The ages include patterns surrounding the numbers five and seven, for instance the 365 year life of Enoch (the same as the number of full calendar days in a solar year) and the 777 year life of Lamech (repetitional emphasis of the number seven). Overall, the ages display clear mathematical patterns, leading some people to conclude that number symbolism was used to construct them. Nevertheless, since Genesis 5 and 11 provide the age of each patriarch at the birth of his named descendant, it also appears to present a gapless chronology from Adam to Abraham, even if the named descendant is not always a first-generation son.

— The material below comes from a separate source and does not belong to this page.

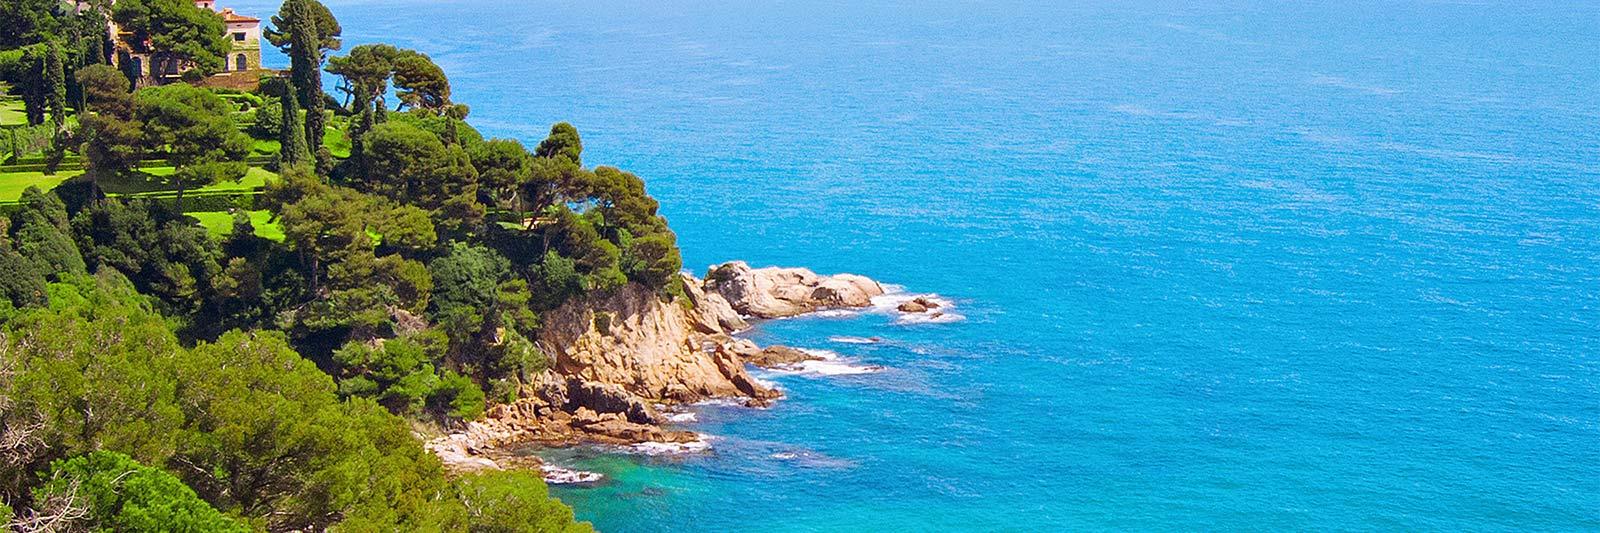 Fastenwandern am Meer in Spanien - Blick aufs Meer

==Generations of Adam and Eve==
Genesis names three children of Adam and Eve, Cain, Abel and Seth. Genesis 4:1–18 recounts how Cain killed his brother Abel: there is no record of Abel having any descendants, and Eve refers to Seth in Genesis 4:25 as "another child in place of Abel". A genealogy tracing the descendants of Cain is given in , while the line from Seth down to Noah appears in . Scholars have noted similarities between these descents: most of the names in each are variants of those in the other, though their order differs, with the names of Enoch and Mahalalel/Mehujael switching places in the two pedigrees. It is "as if they were different versions of the same underlying tradition". This has led to speculation that a single original genealogical descent had diverged during independent transmission, only to be brought back together and put to different uses when the Book of Genesis was compiled from its Jahwist and Priestly sources.

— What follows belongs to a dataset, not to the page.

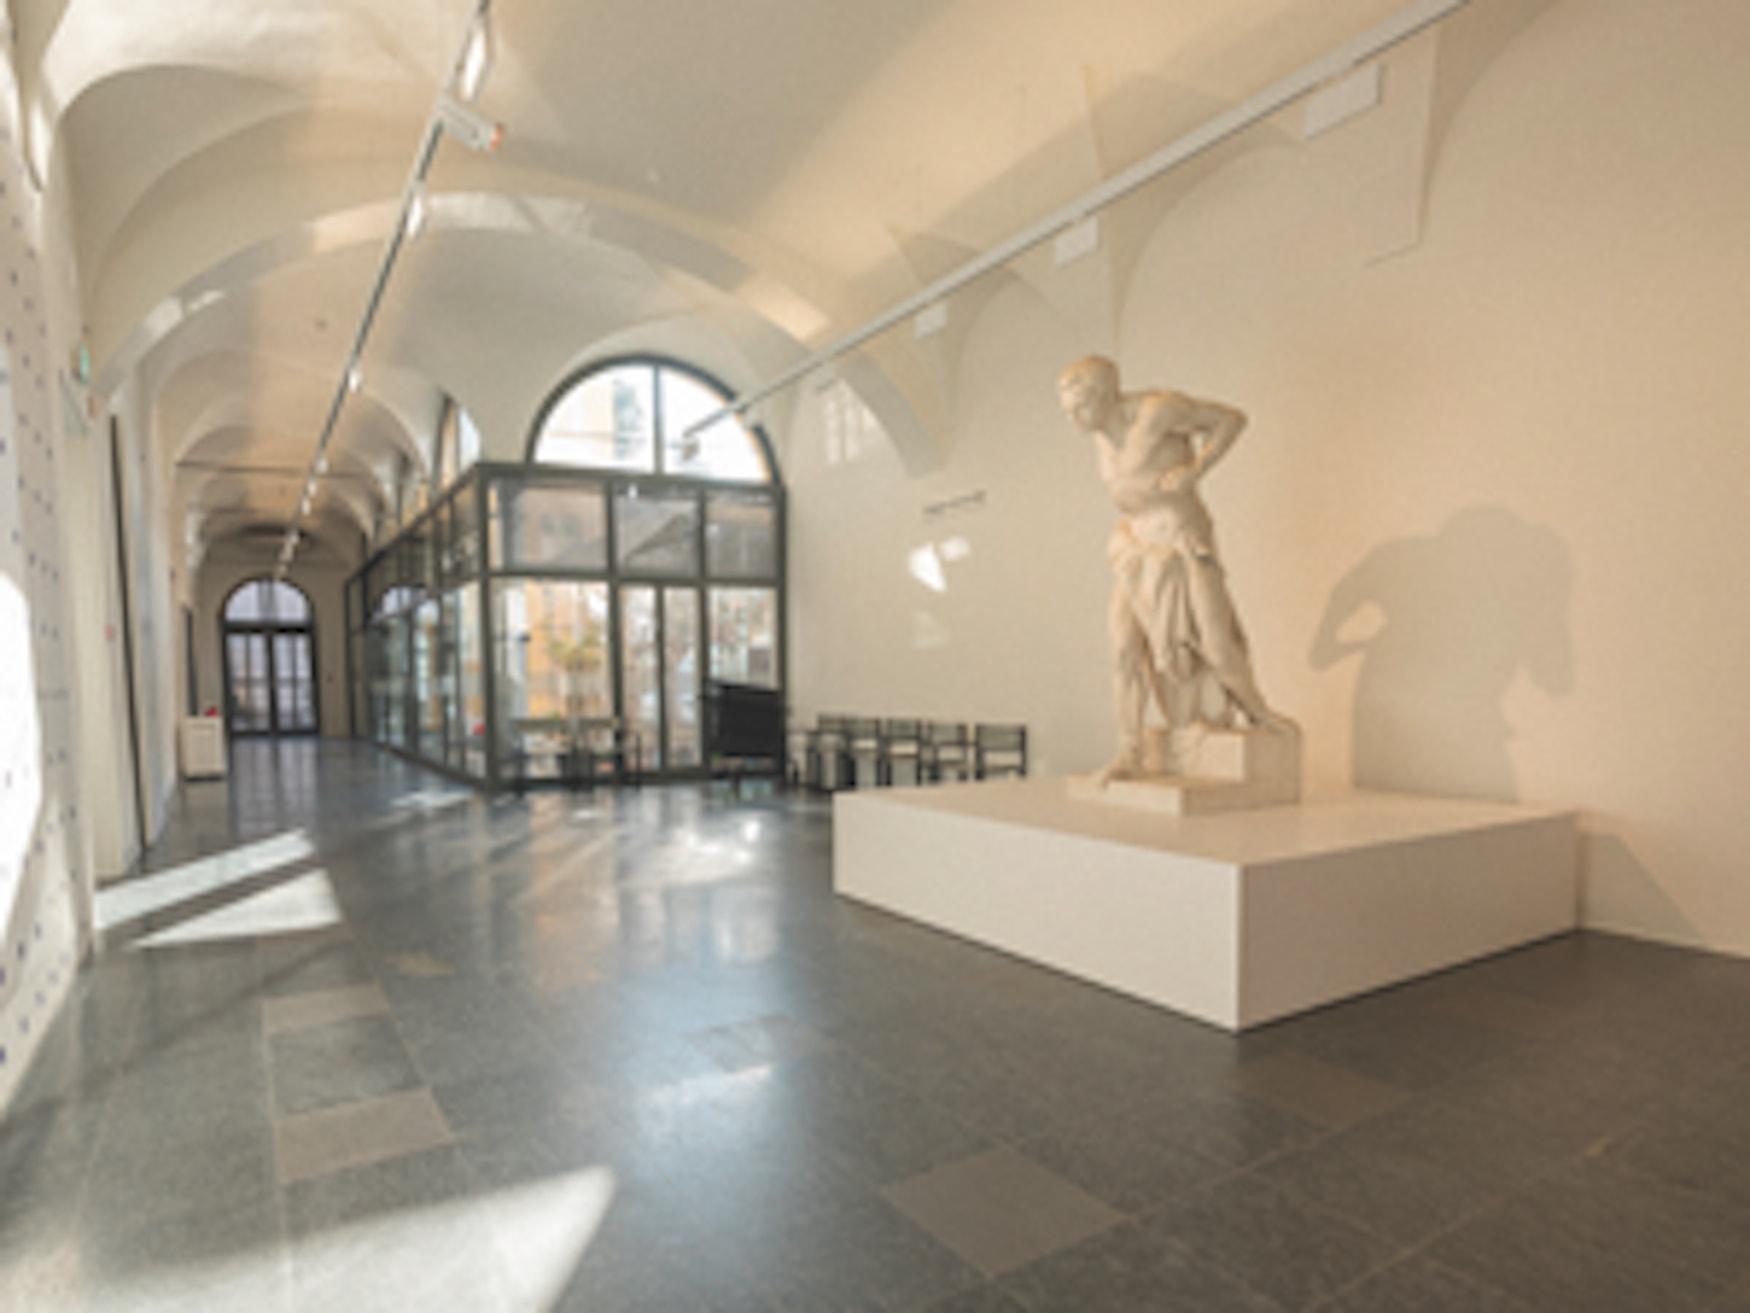 Skulptur im MASI Lugano, Palazzo Reali in Lugano, Schweiz.

The ages at which each of these characters fathered their children are all high by later standards, ranging from 65 (when Enoch and Mahalalel fathered their sons) to 500 years (Noah). Theologian John Gill speculated that "no doubt" earlier children were born before the ones listed, who are named because they are the ones who take forward the lineage "directly from Adam to Noah".

==Generations of Noah==

Following the Genesis flood narrative, a large multi-branched genealogy presents the descendants of the sons of Noah. The 70 names given represent biblical geography, consisting of local ethnonyms and toponyms presented in the form of eponymous ancestors (names in origin-myth genealogies that are to be understood as ancestors and embodiments of the peoples whose names they bear). This is a symbolic presentation of the peopling of the world and indicates a view of the unity of the human race. The peoples and places are not organised by geography, language family or ethnic groups, and probably do not represent the geography of a particular point in history, instead deriving from an old nucleus of geographical knowledge to which additional names/peoples were subsequently added.

==Abraham's family tree==

The following is a family tree for the descendants of the line of Noah's son Shem, through Abraham to Jacob and his sons. Dashed lines are marriage connections.

==Genesis chrono-genealogy==
The numbers given in the text are usually similar but do vary between versions. Nearly all modern translations of Genesis are derived from the Masoretic Text, but there are also two other versions of Genesis: the Samaritan Pentateuch and the Septuagint (a Greek translation of a Hebrew text). Translations from the Masoretic Text are preferred by Western Christians, including Roman Catholics and Protestants, and by followers of Orthodox Judaism; whereas the Greek version is preferred by Eastern Christians, including Eastern Orthodox, Coptic, Ethiopic, Jacobite and Armenian. The Samaritan Pentateuch is held sacred by the Samaritans. The numbers in the Masoretic, Samaritan, and Lucianic Septuagint versions of Genesis are shown in this table:

The following table lists the patriarchs that appear in the Vulgate and the Septuagint, but their names are spelled as they appear in the King James Version of the Bible. Their year of birth differs according to the Vulgate or the Septuagint. Also given is each patriarch's age at the birth of his named son and the age of the patriarch's death. Cainan, born after the flood, is mentioned in the Septuagint but not the Vulgate. Methuselah survived the flood according to the Septuagint (but not the Vulgate), even though he was not on Noah's Ark.

The genealogies of Genesis contain a difficulty with regards to the birth of Arphaxad. One method of calculating places the birth of Arphaxad 600 years after the birth of Noah, while another places Arphaxad's birth 602 years after Noah. The table below uses the 602-year method; the 600 year method would decrease the date for Arphaxad and all the following figures by two years.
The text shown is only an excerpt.